The molecules HCO⁺ and N₂H⁺ are the two most observed molecular ions in disks (e.g. Dutrey et al. 2014) and are commonly used to trace the ionization structure of disks (e.g. Dutrey et al. 2007; Öberg et al. 2011b; Cleeves et al. 2015). Also Ceccarelli et al. (2014) used these two molecules to trace SPs in a protostellar envelope.

The main formation path of HCO⁺ and N₂H⁺ is the ion-neutral reaction of H$\begin{array}{c}\mathrm{+}\\ \mathrm{3}\end{array}$ with their parent molecules CO and N₂, respectively. H$\begin{array}{c}\mathrm{+}\\ \mathrm{3}\end{array}$ is created by ionization of H₂ by CRs, X-rays and in our model additionally by SPs. The main destruction pathway for HCO⁺ and N₂H⁺ is via dissociative recombination with free electrons.

The chemistry of HCO⁺ and N₂H⁺ is linked to the CO freeze-out. To form HCO⁺, gas phase CO is required, whereas N₂H⁺ is efficiently destroyed by CO (e.g. Aikawa et al. 2015). Consequently the N₂H⁺ abundance peaks in regions where CO is depleted and N₂, the precursor of N₂H⁺, is still in the gas phase. The result of this chemical interaction is a vertically layered chemical structure for HCO⁺ and N₂H⁺ (see Fig. 8). For further details on the HCO⁺ and N₂H⁺ chemistry see Appendix B, where we also list the main formation and destruction pathways for HCO⁺ and N₂H⁺ (Table B.1).

3.3.1. Abundance structure

In the following we describe details of the molecular abundance structure that are relevant for the presentation of our results for our reference model CI_XN. The abundance ϵ of a molecule X is given by ϵ(X) = n_X/n_{⟨ H ⟩}, where n_X is the number density of the respective molecule and n_{⟨ H ⟩} = n_H + 2 n_H2 is the total hydrogen number density.
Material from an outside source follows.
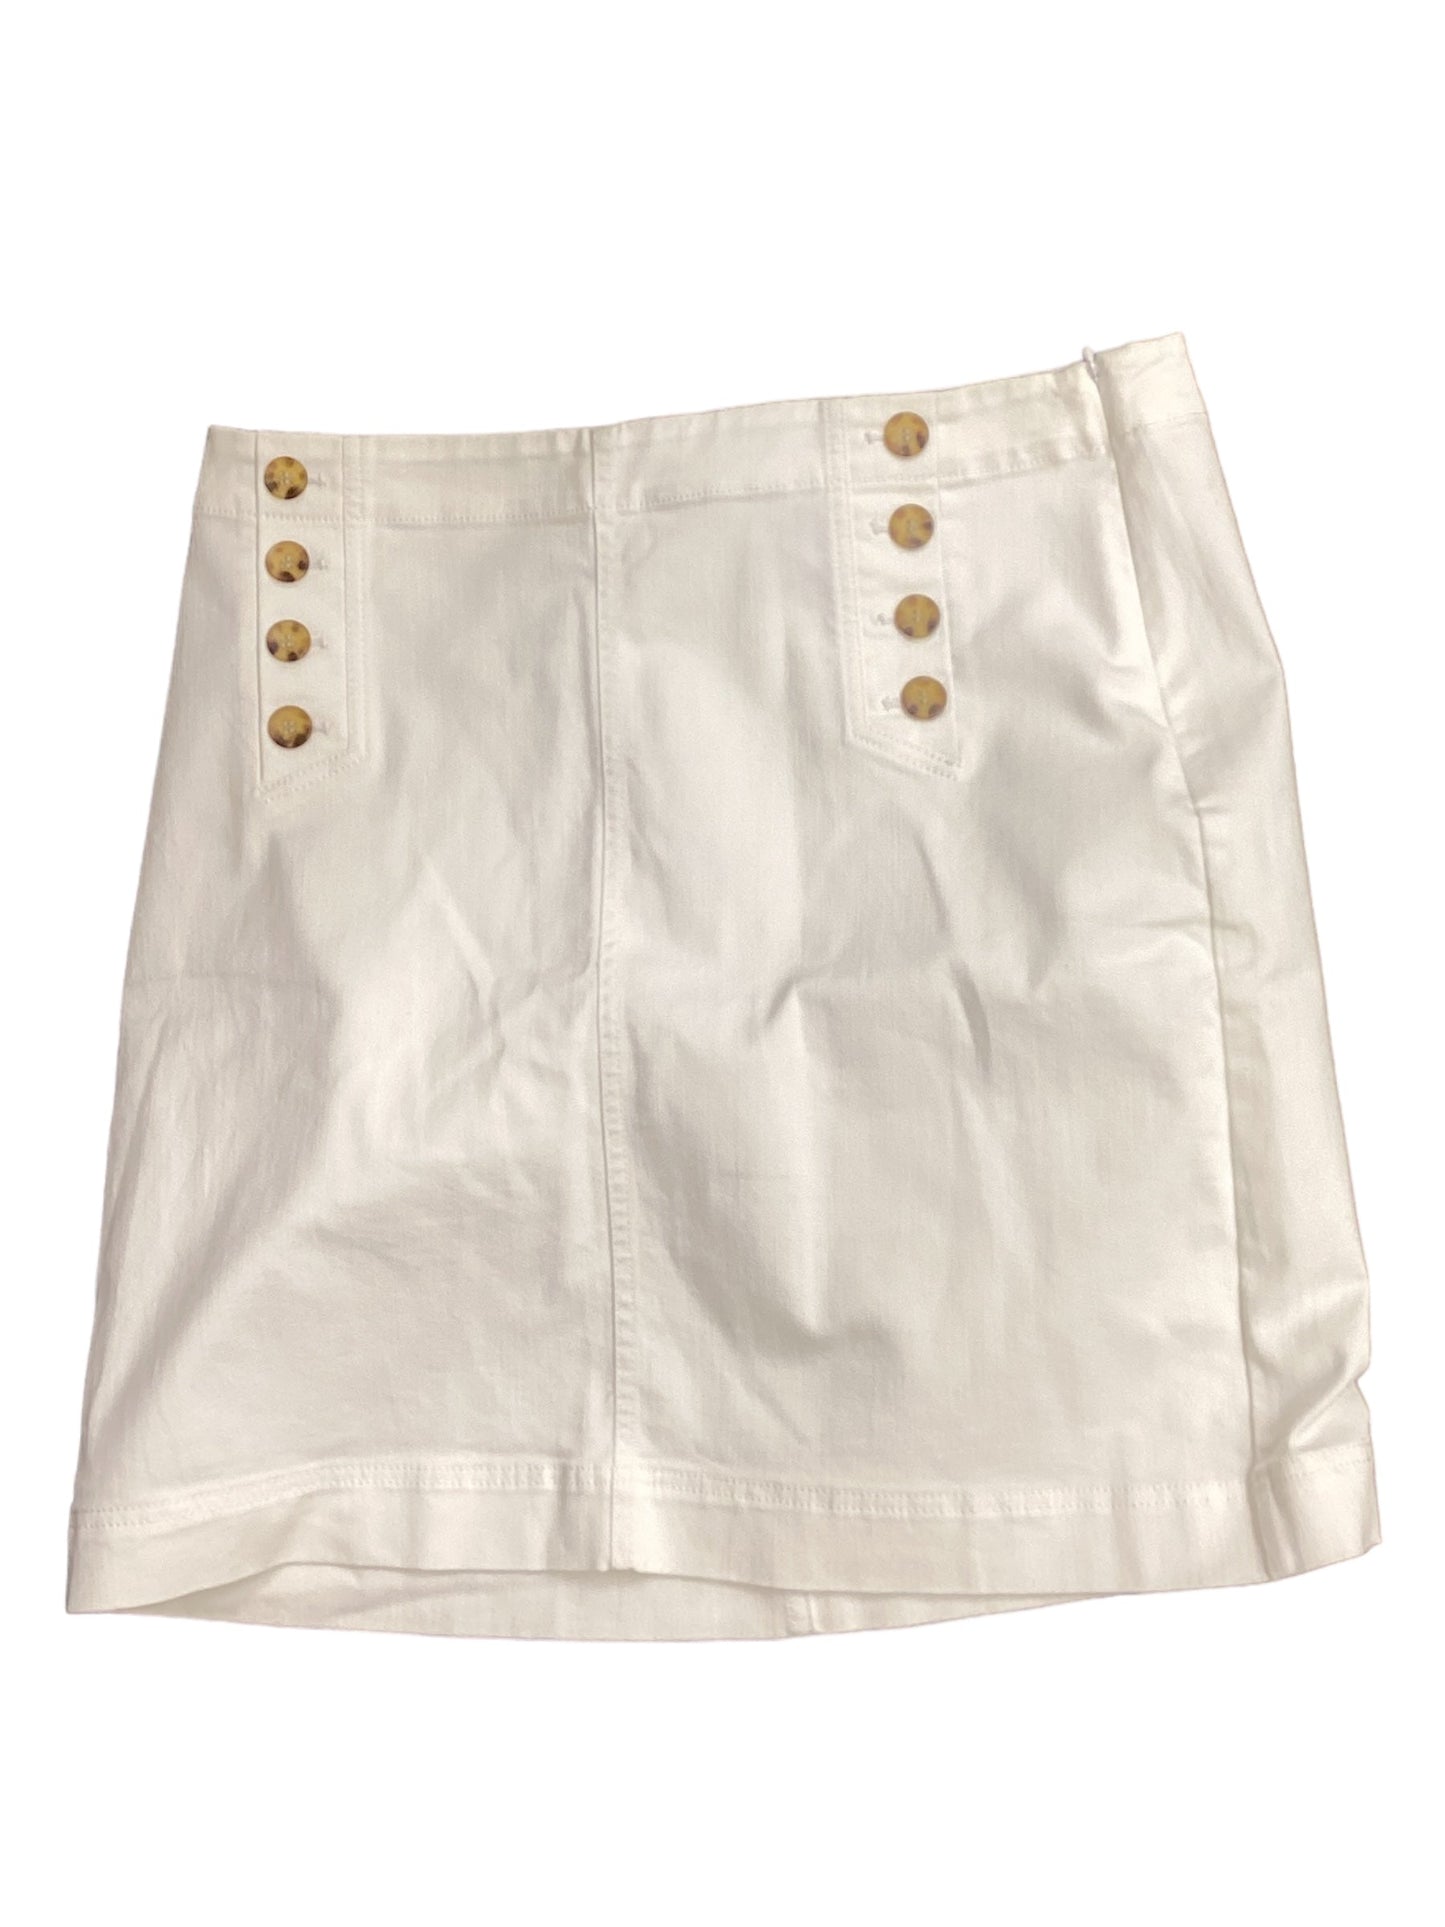 White Skirt Midi Talbots, Size 16

Figure 8 shows the resulting abundance structure for CO, HCO⁺ and N₂H⁺ for the CI_XN model.

We define the location of the CO ice line where the CO gas phase abundance is equal to the CO ice-phase abundance (white dashed line in Fig. 8). The CO ice line is located at dust temperatures in the range T_d ≈ 23 − 32 K (density dependence of the adsorption/desorption equilibrium; e.g. Furuya & Aikawa 2014). The radial CO ice line in the midplane (z = 0 au) is at r ≈ 12 au and T_d ≈ 32 K. At r ≈ 50 au the vertical CO ice line is at z ≈ 8.5 au (z/r ≈ 0.17) and T_d ≈ 26 K. Inside/above the CO ice line ϵ(CO) ≈ 10^-4. Outside/below the CO ice line ϵ(CO) rapidly drops to values ≲10^-6. In regions where non-thermal desorption processes are efficient (r ≳ 150 au) ϵ(CO) ≈ 10^-6 down to the midplane. For the regions inside/above and outside/below the CO ice line we use the terms warm and cold molecular layer, respectively.

There are two main reservoirs for HCO⁺, one in the warm molecular layer above the CO ice line and one in the outer disk (r ≳ 150 au) below the CO ice line where non-thermal desorption becomes efficient. In the warm molecular layer, the ionization fraction ϵ(e⁻) ≈ 10^-7 is dominated by sulphur as it is ionized by UV radiation (e.g. Teague et al. 2015, see also Sect. 4.2.3). Those free electrons efficiently destroy molecular ions via dissociative recombination. This causes a dip in the vertical HCO⁺ abundance structure within the warm molecular layer with ϵ(HCO⁺) ≈ 10^-12 − 10^-11, whereas at the top and the bottom of the warm molecular layer ϵ(HCO⁺) reaches values of ≈10^-10 − 10^-9. The peak in the top layer is mainly caused by the high X-ray ionization rate for H₂ (ζ_X ≳ 10^-12 s^-1). At the bottom of the warm molecular layer more HCO⁺ survives. This region is already sufficiently shielded from UV radiation and the free electron abundance drops rapidly. In the second reservoir, below the CO ice line where non-thermal desorption is efficient ϵ(HCO⁺) ≈ 10^-11 − 10^-10.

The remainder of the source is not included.